Selain enzim-enzim yang terdapat dalam kulit itu sendiri juga terdapat pula enzim-enzim yang
dihasilkan oleh mikroorganisme penyerang kulit seperti halnya bakteri, jamur maupun
mikroorganisme lain. Gabungan enzim-enzim dari kulit itu sendiri dengan enzim dari
mikroorganisme tersebut akan mempercepat proses degradasi terhadap komponen kulit dan hasil
digestinya disebut lisis.
Komponen kulit yang paling penting untuk dipertahankan adalah protein kolagen, karena
kolagen merupakan struktur utama yang dibutuhkan dalam proses penyamakan kulit dan sangat
menentukan kualitas akhir dari kulit tersamak (leather). Dalam upaya mempertahankan struktur
kulit sangat perlu dilakukan proses pengawetan sebelum dilakukan proses penyimpanan.
DAFTAR PUSTAKA:

Abustam, E., Said. M.I, Wahyuddin, E, Sukendar, N.K. 2002. Produksi Gelatin dan Produk
Kapsul dari Kulit Kaki Ayam. Laporan Penelitian Proyek Hibah Bersaing X. Fakultas
Peternakan Universitas Hasanuddin, Makassar.
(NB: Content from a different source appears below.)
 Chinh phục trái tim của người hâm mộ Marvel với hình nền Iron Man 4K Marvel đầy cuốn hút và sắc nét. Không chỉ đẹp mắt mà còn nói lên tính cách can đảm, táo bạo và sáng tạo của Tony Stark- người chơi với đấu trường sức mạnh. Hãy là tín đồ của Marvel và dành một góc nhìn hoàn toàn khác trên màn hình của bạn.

Djojowidagdo, S 1999. Histologi Sebagai Ilmu Dasar dan Perannya dalam Pengembangan Iptek
Pengolahan Kulit. Program Pascasarjana Universitas Gadjah Mada, Yogyakarta.

Junqueira., L.C., Corneiro, J dan Kelly, R.O. 1998. Alih Bahasa : Tambayong, J. 1998.
Histologi Dasar. EGC Penerbit Buku Kedokteran, Jakarta.
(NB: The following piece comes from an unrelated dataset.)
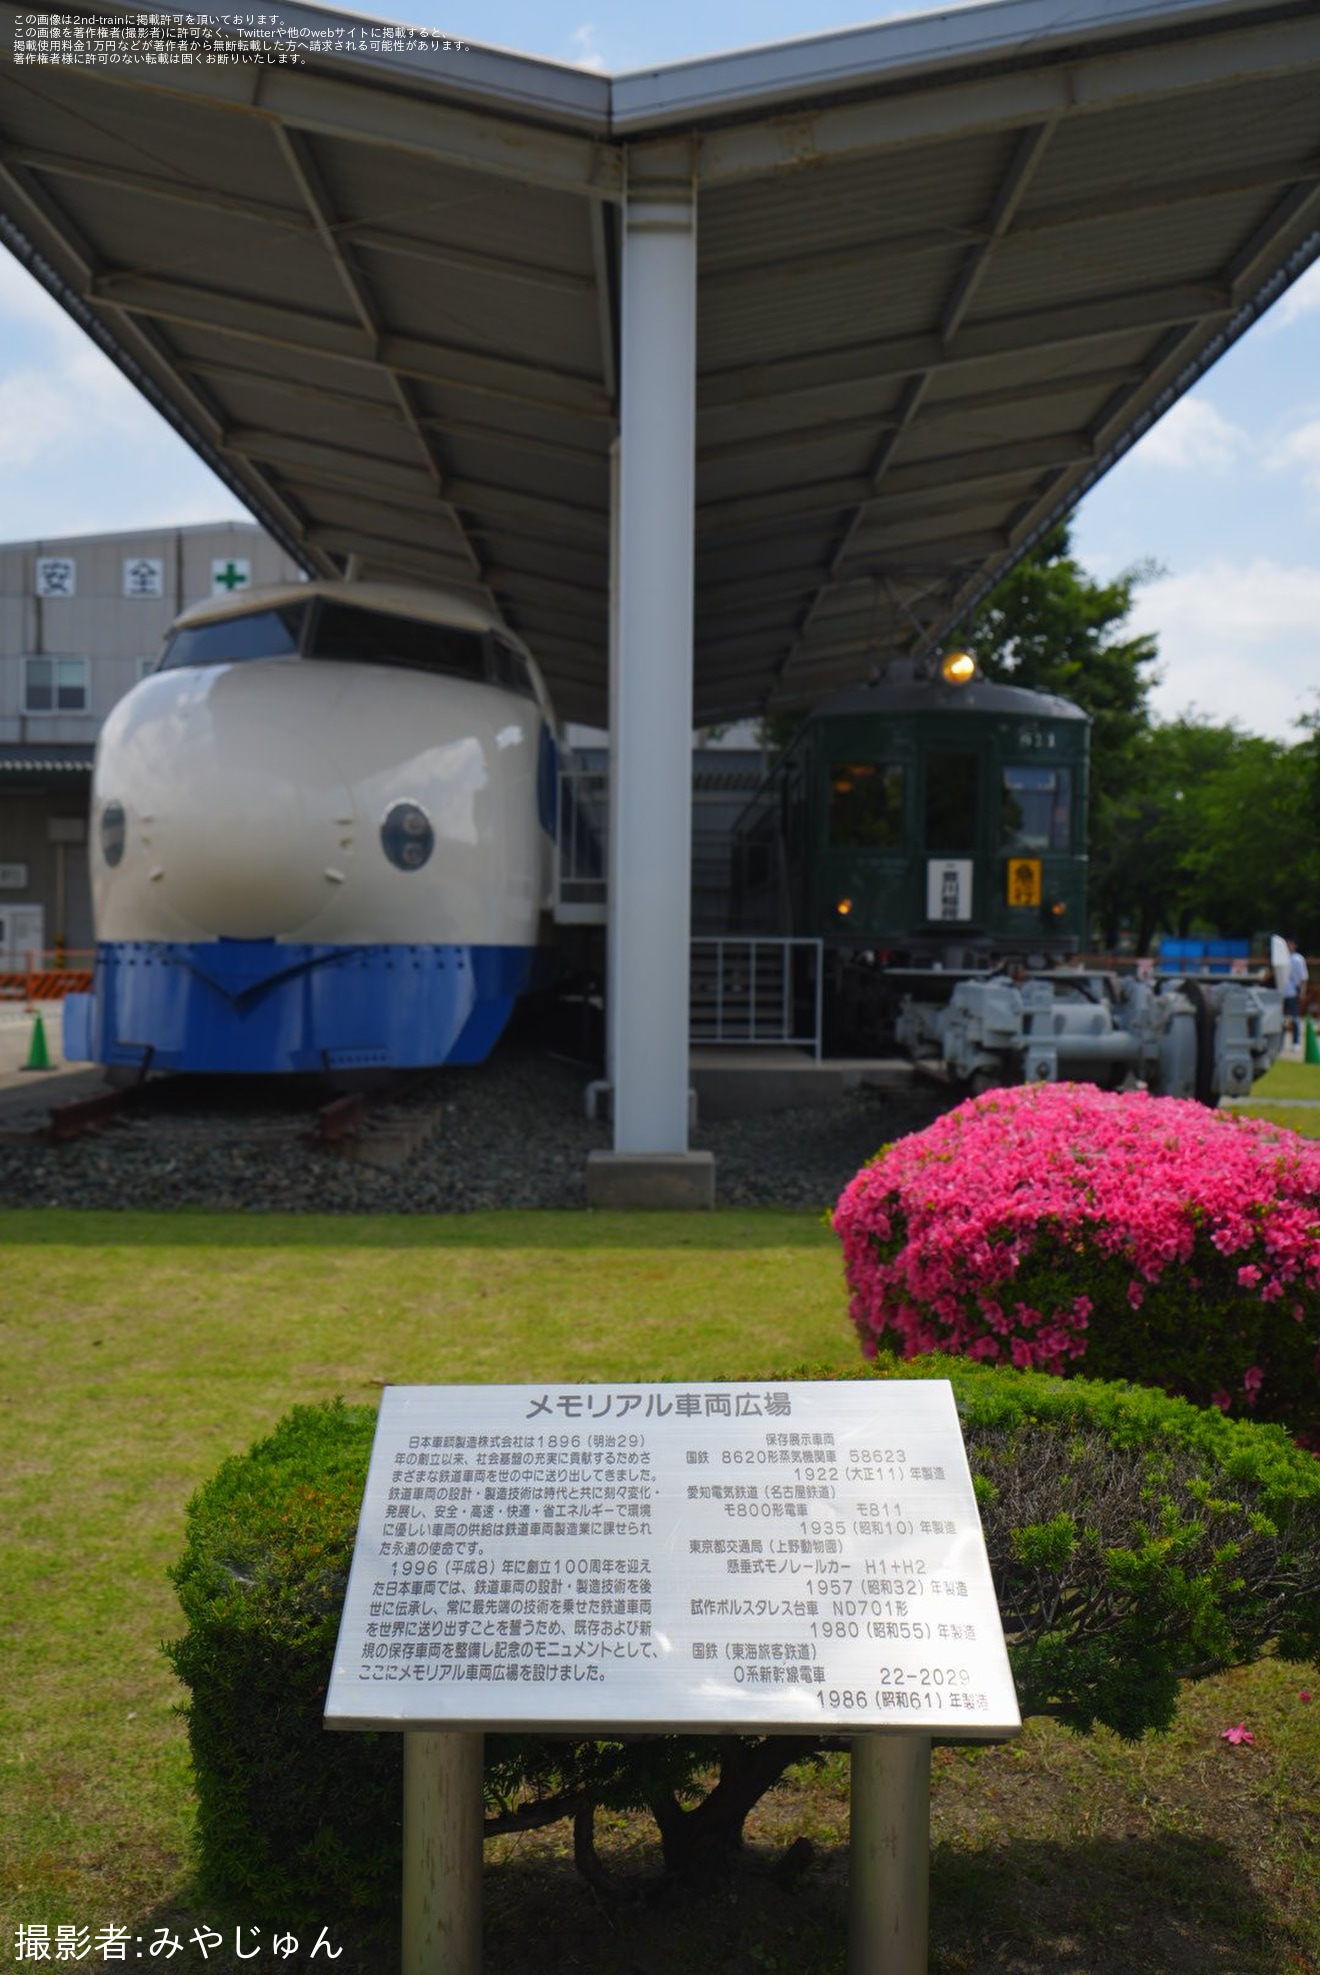 【日車】豊川製作所 「メモリアル車両広場」が一般公開の拡大写真

LP.POM-MUI. 1997. Tulang yang berserakan. Jurnal halal. Bogor.

Pearson, A.M and Dutson, T.R. 1992. Inedible Meat By-Products. Advances In Meat Research.
Vol.8. Elsevier Applied Science, London and New York.

Roddy, W.T. 1956. Histology of Animal Skins. Chapt.2. Vol I. in The Chemistry and
Technology of Leather. Robert E. Krieger Publishing Co. Huntington, New York.

Sarkar, K.T. 1995. Theory and Practice Leather Manufacture. THE AUTHOR. 4. Second
Avenue. Mahatma Ghandi Road. 600 041

Sukarbowo, P dan Sudarjo, S. 1989. Pengetahuan Dasar Teknologi Penyamakan Kulit.


Akademi,Teknologi Kulit, Yogyakarta.